Um dia após homenagem a comunistas na Rússia, o presidente Jair Bolsonaro (PL) usa lema fascista na Hungria — “Deus, pátria, família e liberdade” — durante encontro em 17 de fevereiro com o premiê Viktor Orbán, um dos principais representantes da extrema-direita na Europa. O lema é da Ação Integralista Brasileira (AIB), movimento criado em 1932 com inspiração no fascismo italiano. Simbolicamente, ele deu um beijo em Josef Stalin e outro em Benito Mussolini.

Aqui cabe uma conhecida historieta judaica contada por Sigmund Freud para ilustrar que o sujeito mente quando diz a verdade e diz a verdade através da mentira: “Numa estação da Galícia, dois judeus encontram-se num trem. — Onde você vai? — pergunta um. — A Cracóvia — responde o outro. — Mas, vejam só que mentiroso! — exclama o primeiro, enfurecido. — Se você está dizendo que vai a Cracóvia, com certeza é porque quer que eu acredite que está indo a Lemberg. Só que eu sei que você está indo mesmo a Cracóvia. Então, por que mente?”.

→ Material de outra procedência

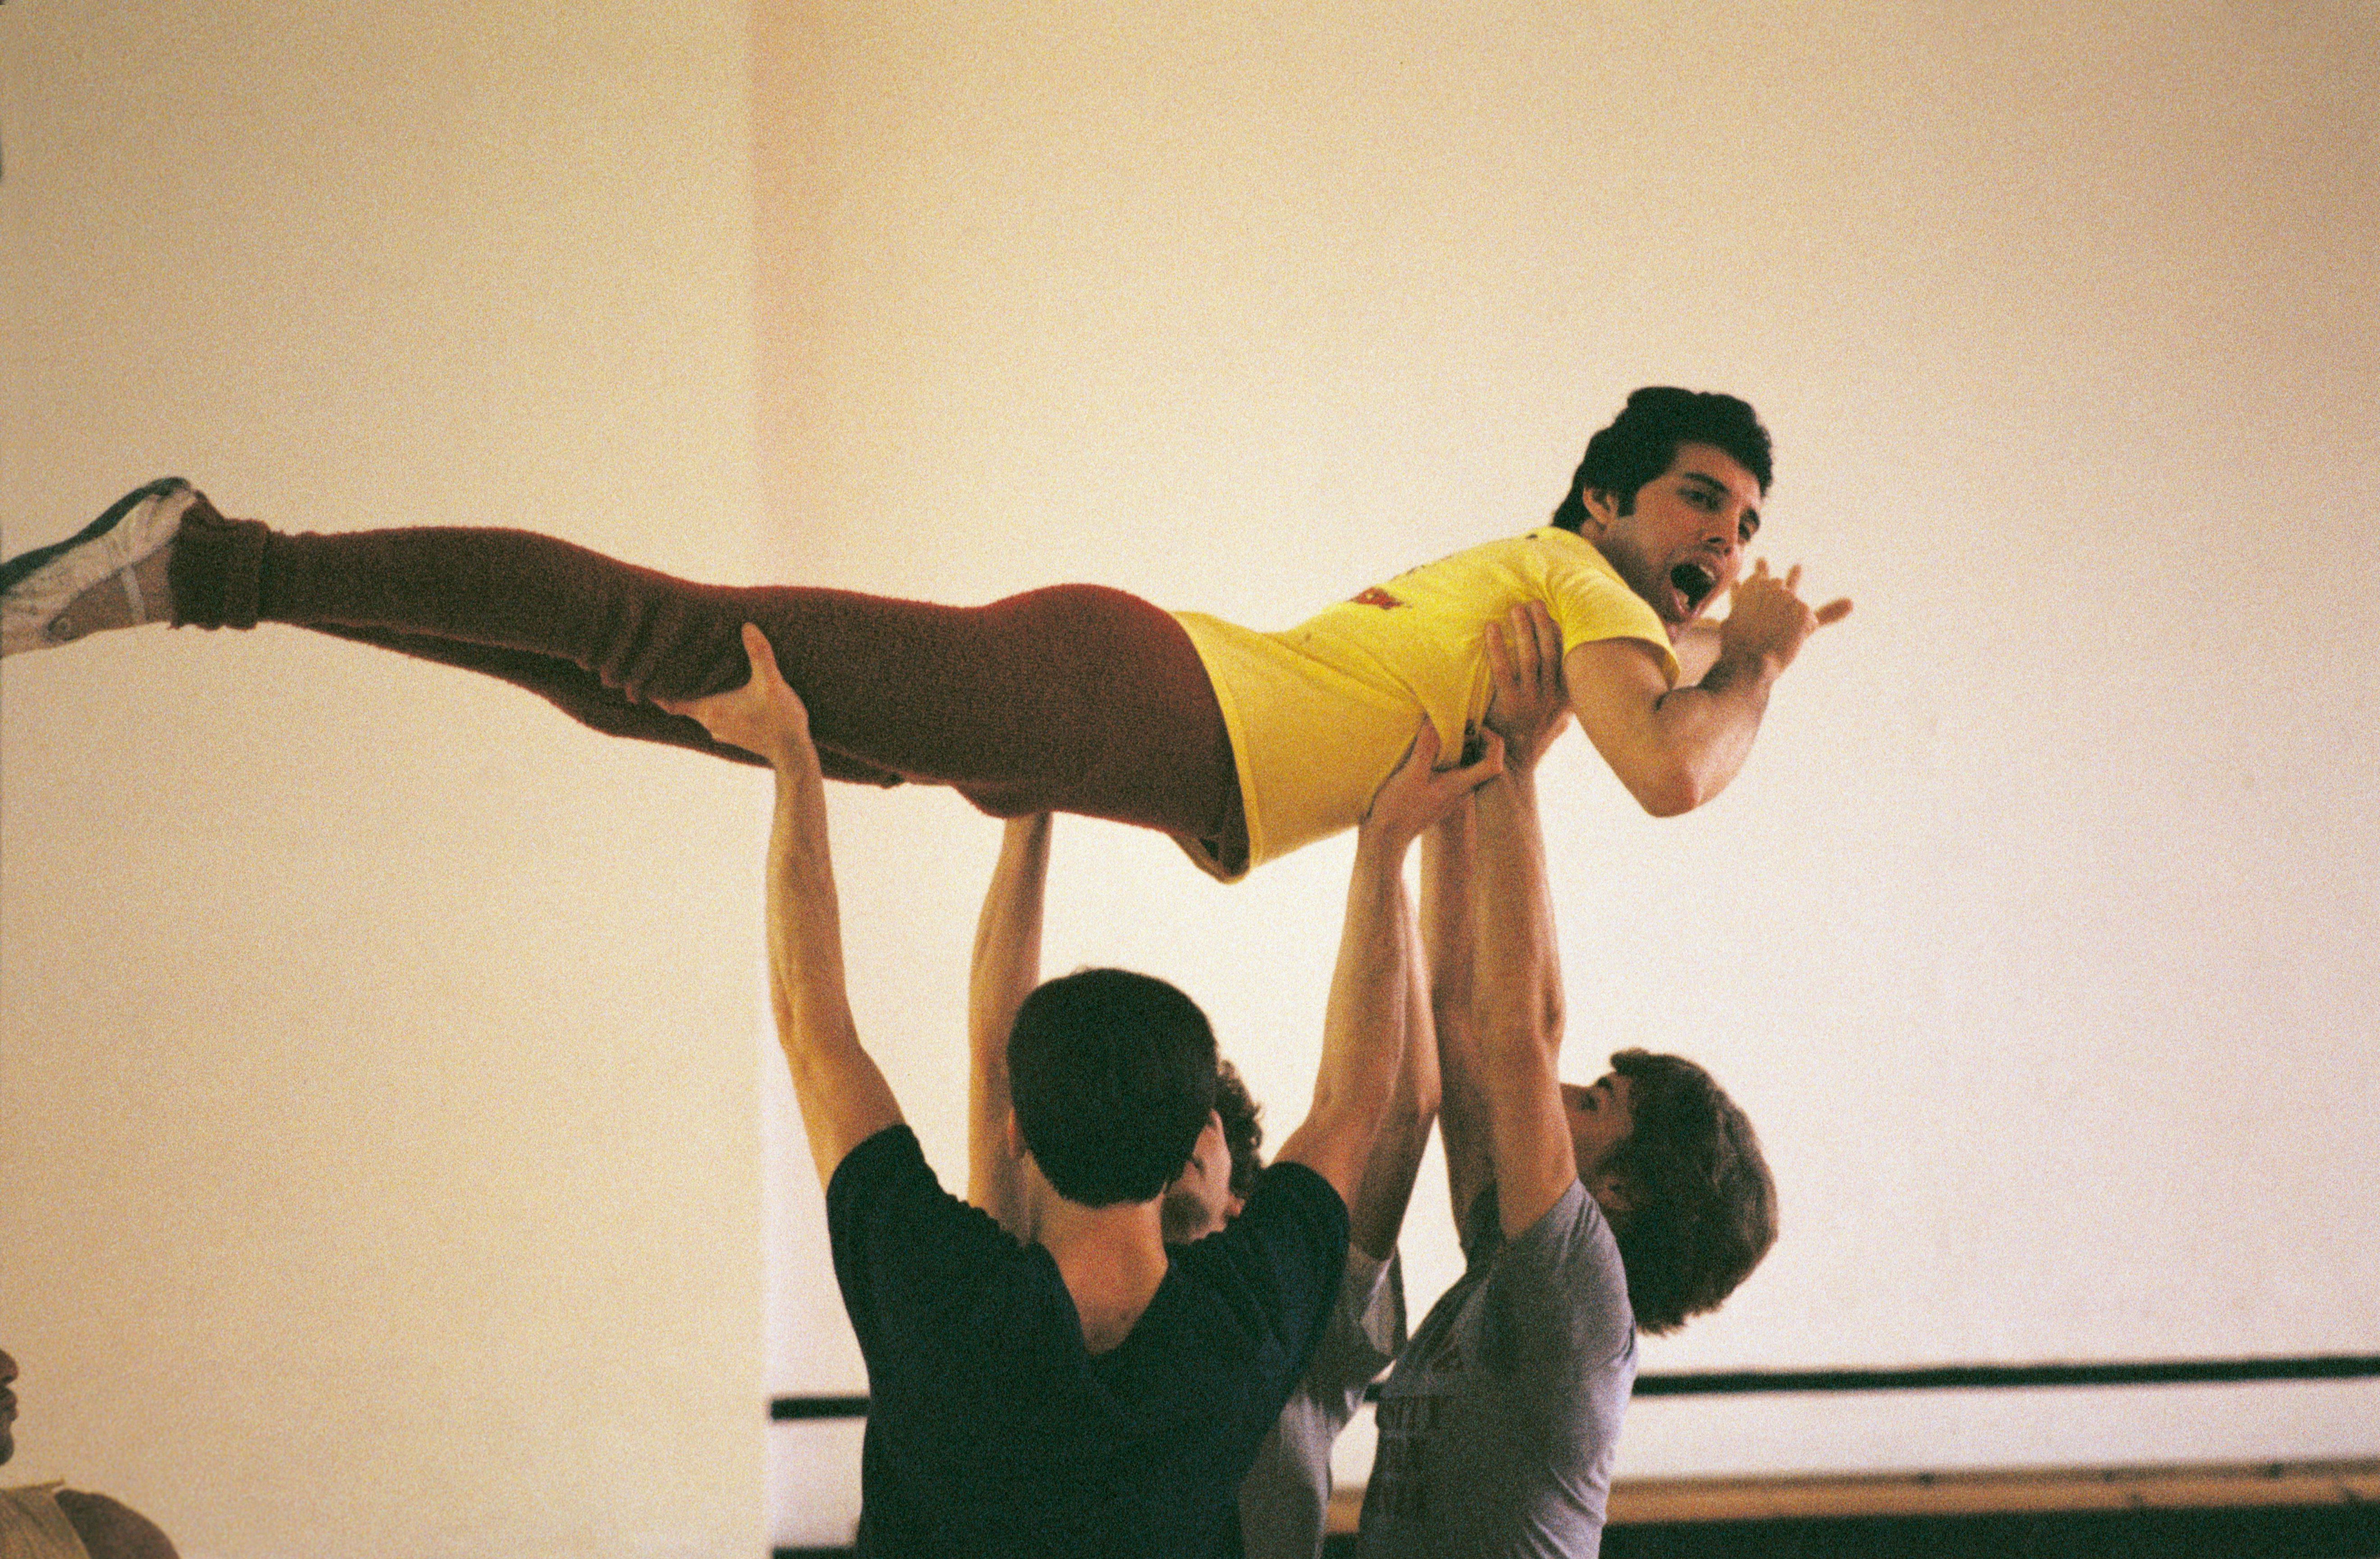 Freddie Mercury gets training from a ballet instru

Esse contrassenso serve, de forma invertida, para o presidente, já que, quando Bolsonaro foi à Rússia, na verdade queria se encontrar com seu “irmão”, Orbán, na Bulgária, ambos alinhados em combater os direitos humanos. Unem-se a isso as boas relações do presidente com personalidades de extrema-direita da Europa, como a deputada alemã Beatrix von Storch, líder do partido Alternativa para a Alemanha (AfD), pelo qual seu avô foi ministro de Adolf Hitler por doze anos. Beatrix visitou Bolsonaro, no Palácio da Alvorada, em julho do ano passado.

 

A piada vem pronta

“O que é a melhor piada anti-stalinista diante da piada que é a própria política stalinista em si?”. A passagem, segundo Slavoj Žižek, é de Bertolt Brecht. Na versão brasileira atual cai como uma luva: o que são as melhores piadas sobre Bolsonaro diante da piada que é seu próprio governo?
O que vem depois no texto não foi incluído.